Вдруг, когда певица добросовестно выводила свои рулады, на ярко освещенную сцену вступил Маяковский и стал пересекать ее крупными и медленными шагами, выбрасывая вперед коленки и дразня всех своей необычной черно-оранжевой блузой.
Зал взорвался… Маяковский шагал. Его высокая фигура, почти уже вдвинулась в кулису, когда из зала кто-то взвизгнул:
— Рыжего!
Зал заулюлюкал и подхватил выкрик. Маяковский остановился, повернулся лицом к столикам с розовыми лампочками и галдевшими гостями, затем спокойно прогромыхал тяжелыми башмаками к рампе. Все утихло.

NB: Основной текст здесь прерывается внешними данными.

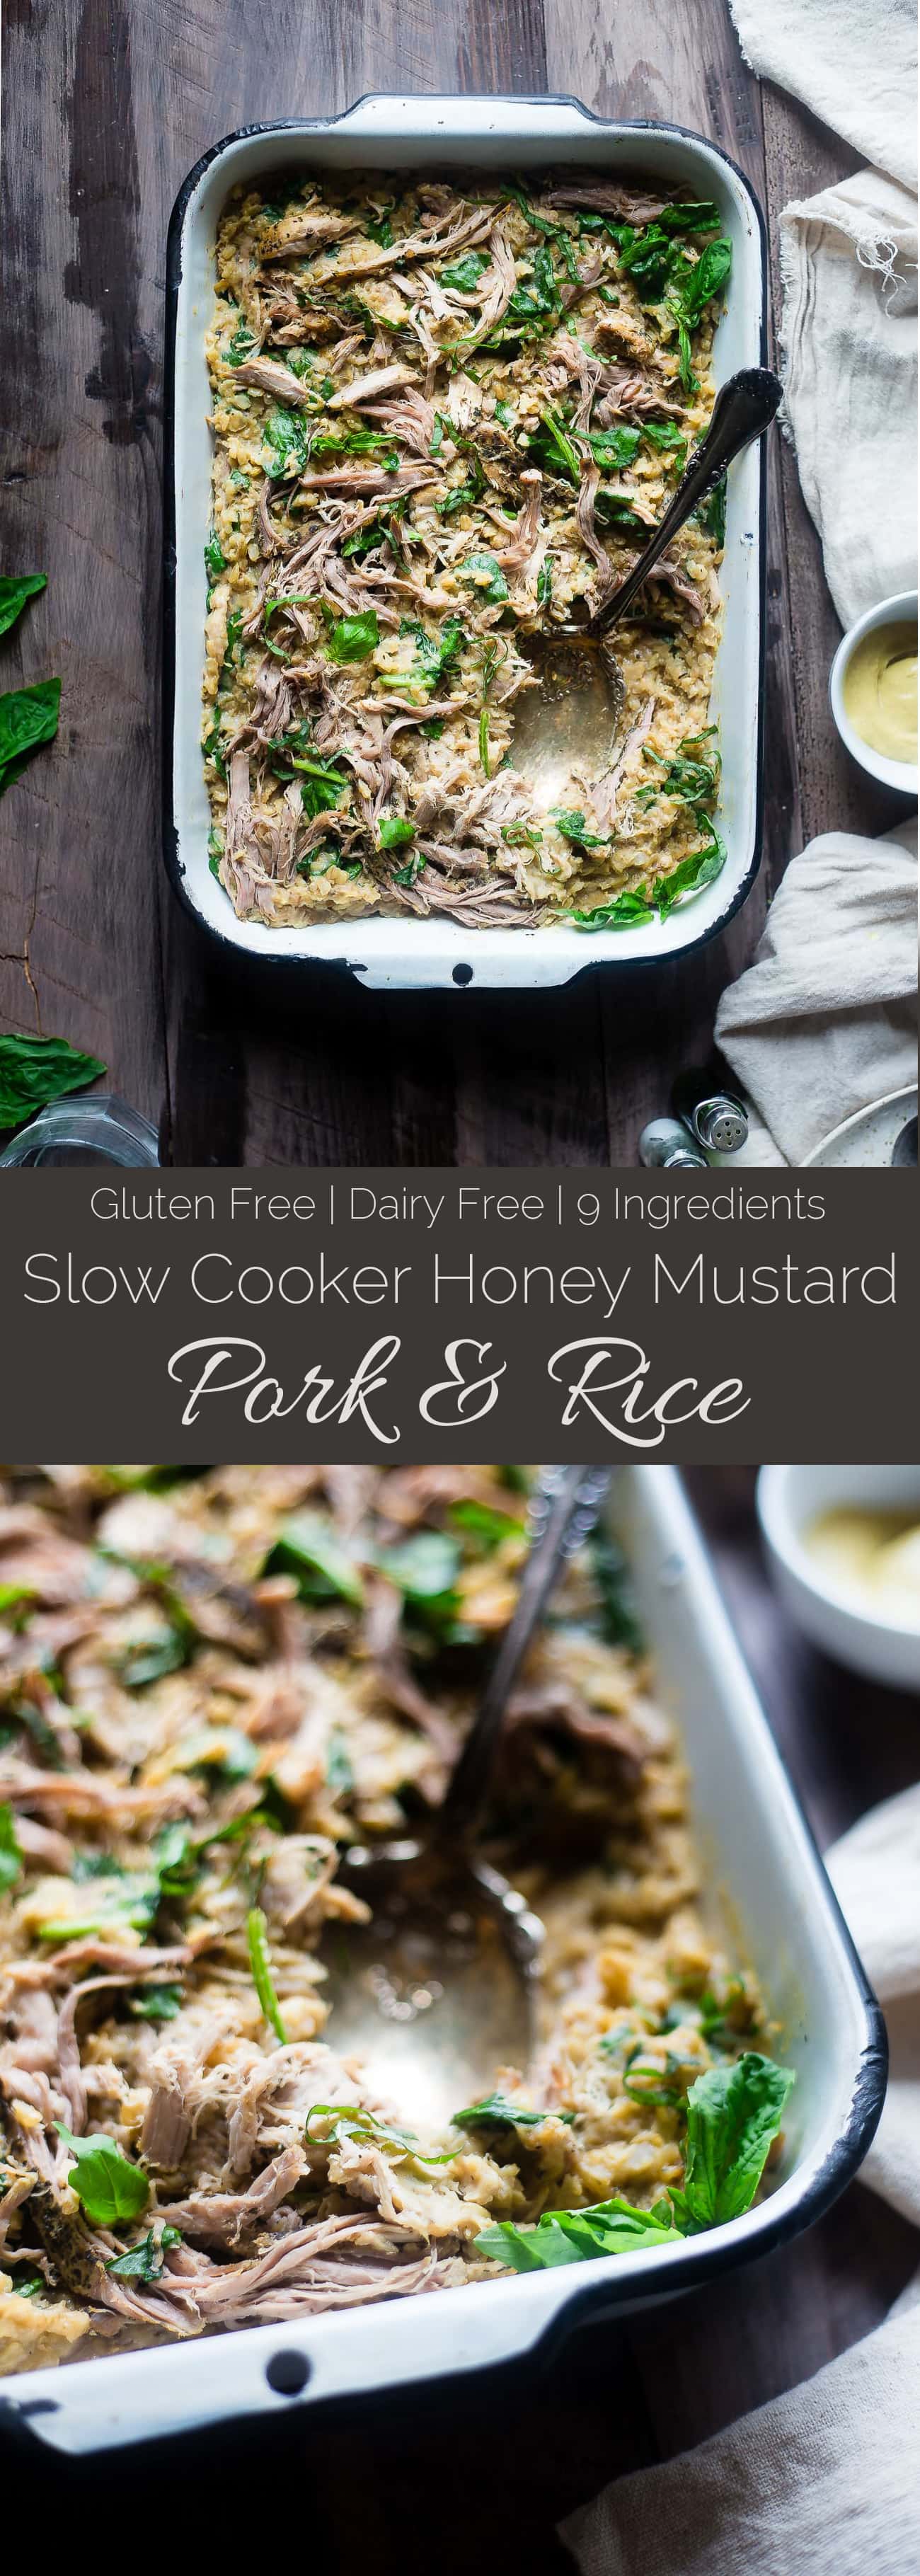 Slow Cooker Honey Mustard Pork and Rice - Let the slow cooker do the work for you with this healthy honey mustard slow cooker pork loin and rice that's gluten free, under 10 ingredients and so easy! | Foodfaithfitness.com | @FoodFaithFit

Маяковский начал читать недавно написанное им «первое социально-обличительное» и ставшее потом одним из любимейших стихотворений поэта — «Нате!»: «Через час отсюда в чистый переулок вытечет по человеку ваш обрюзгший жир…»
«Публика пришла в ярость. Послышались оглушительные свистки, крики «долой». Маяковский был непоколебим. Продолжал в том же стиле…» — писала об этом выступлении «Московская газета».

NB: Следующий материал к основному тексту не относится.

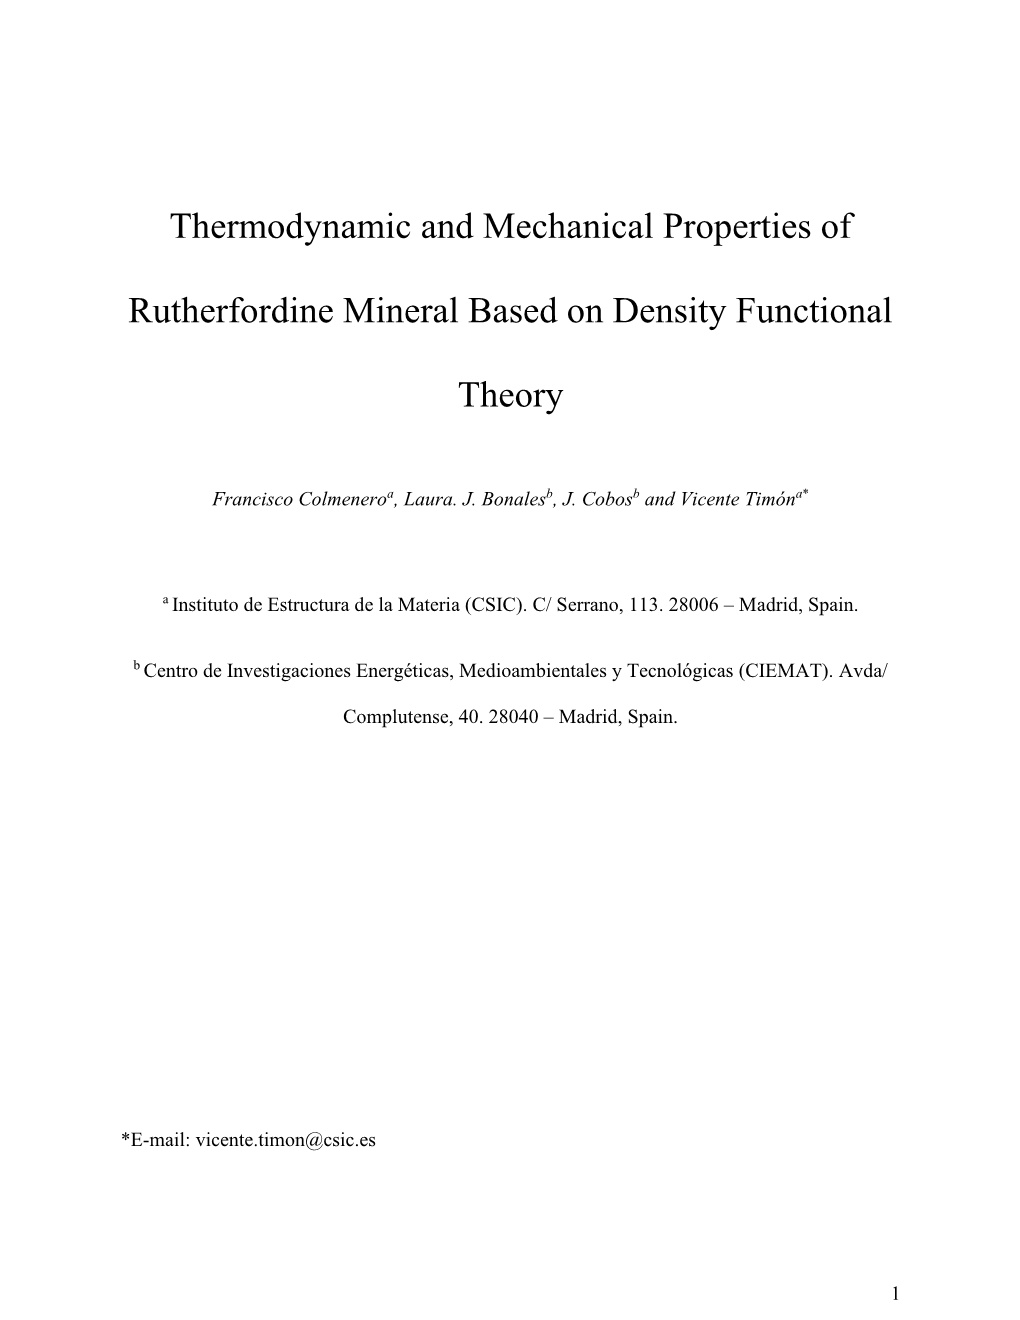 Thermodynamic and Mechanical Properties of Rutherfordine Mineral Were Studied by Means of First Principle Calculations Based on Density Functional Theory

Маяковский закончил. Публика взвыла. Потом в зал плюхнулось, как огромная жаба, только одно-единственное слово, брошенное Маяковским прямо в раскрасневшиеся, пьяные и злые лица, и тут рухнули с потолка все балки…
По крайней мере так показалось в первый момент, потому что все в зале взвилось, полетело, зазвенело, завизжало…

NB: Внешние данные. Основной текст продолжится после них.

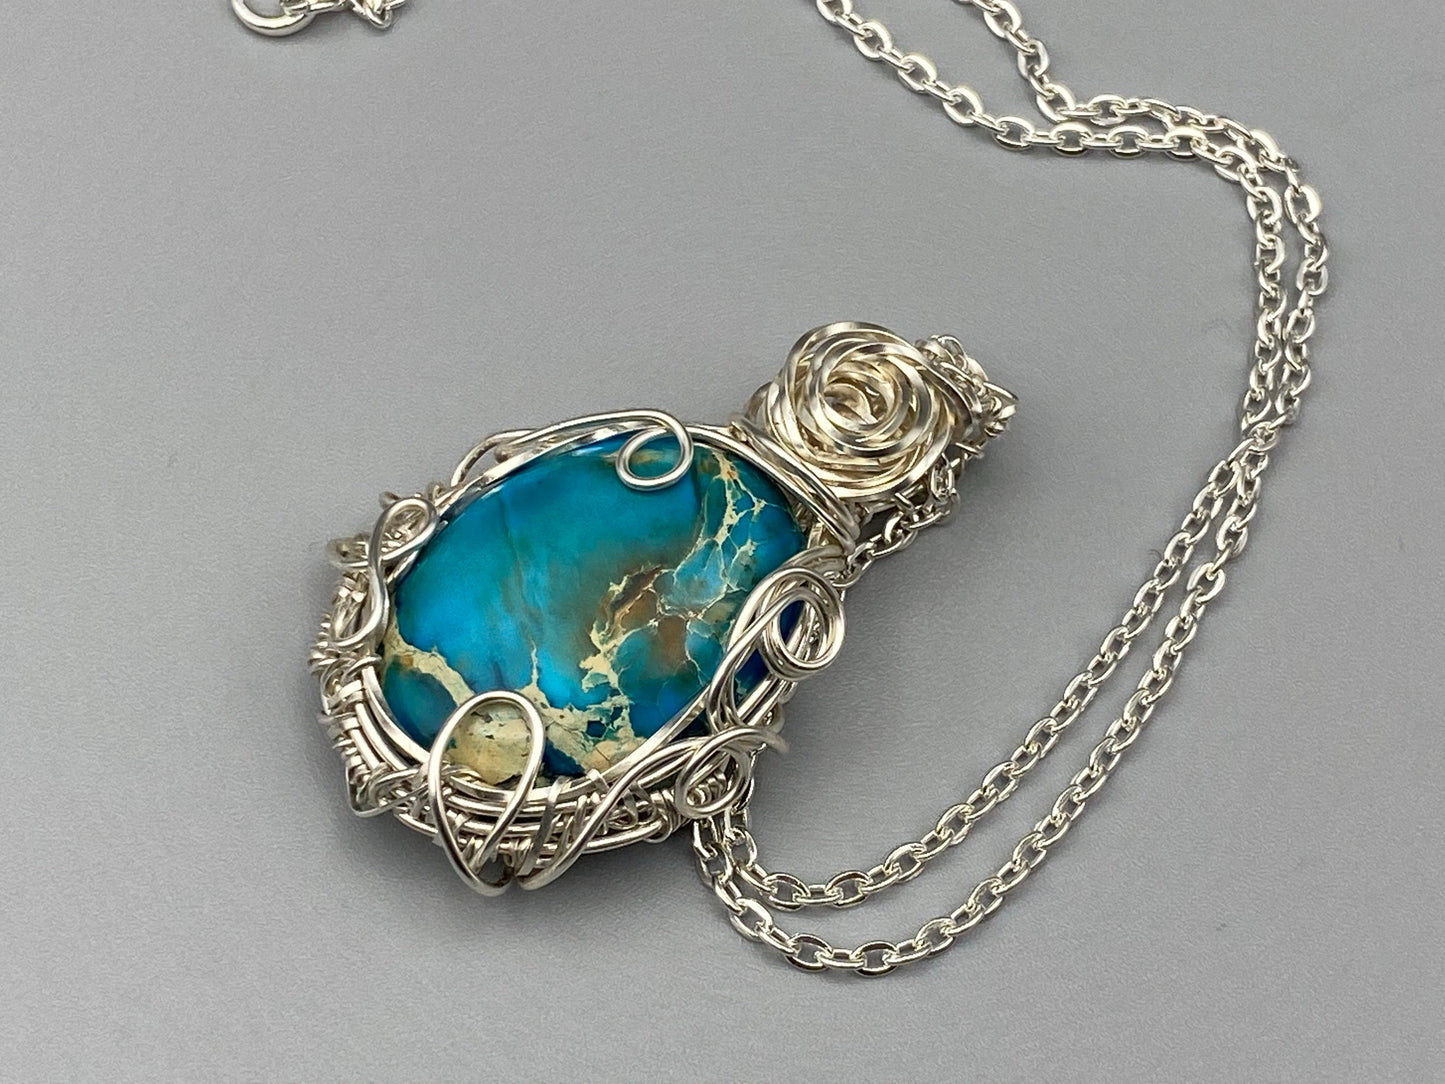 Aqua Oval Wire Wrapped Pendant in Silver Plated Wire

Маяковский так же спокойно повернулся и теми же широкими и медленными шагами удалился.
Все кончилось. «Розовый фонарь» потух навсегда. Публика бросилась к вешалкам. А там уже шел скандал между еле стоявшим на ногах Бальмонтом, который держал в руке бутылку сельтерской, и молодыми футуристами. Бальмонт взмахнул бутылкой, какой-то парень с разрисованной щекой вырвал ее у него… Появилась полиция.
Наутро воскресные газеты еще не успели дать сообщения о скандале в «Розовом фонаре», но в понедельничной газете «Столичная молва» уже появился обширный «отчет», озаглавленный: «Розовое мордобитие».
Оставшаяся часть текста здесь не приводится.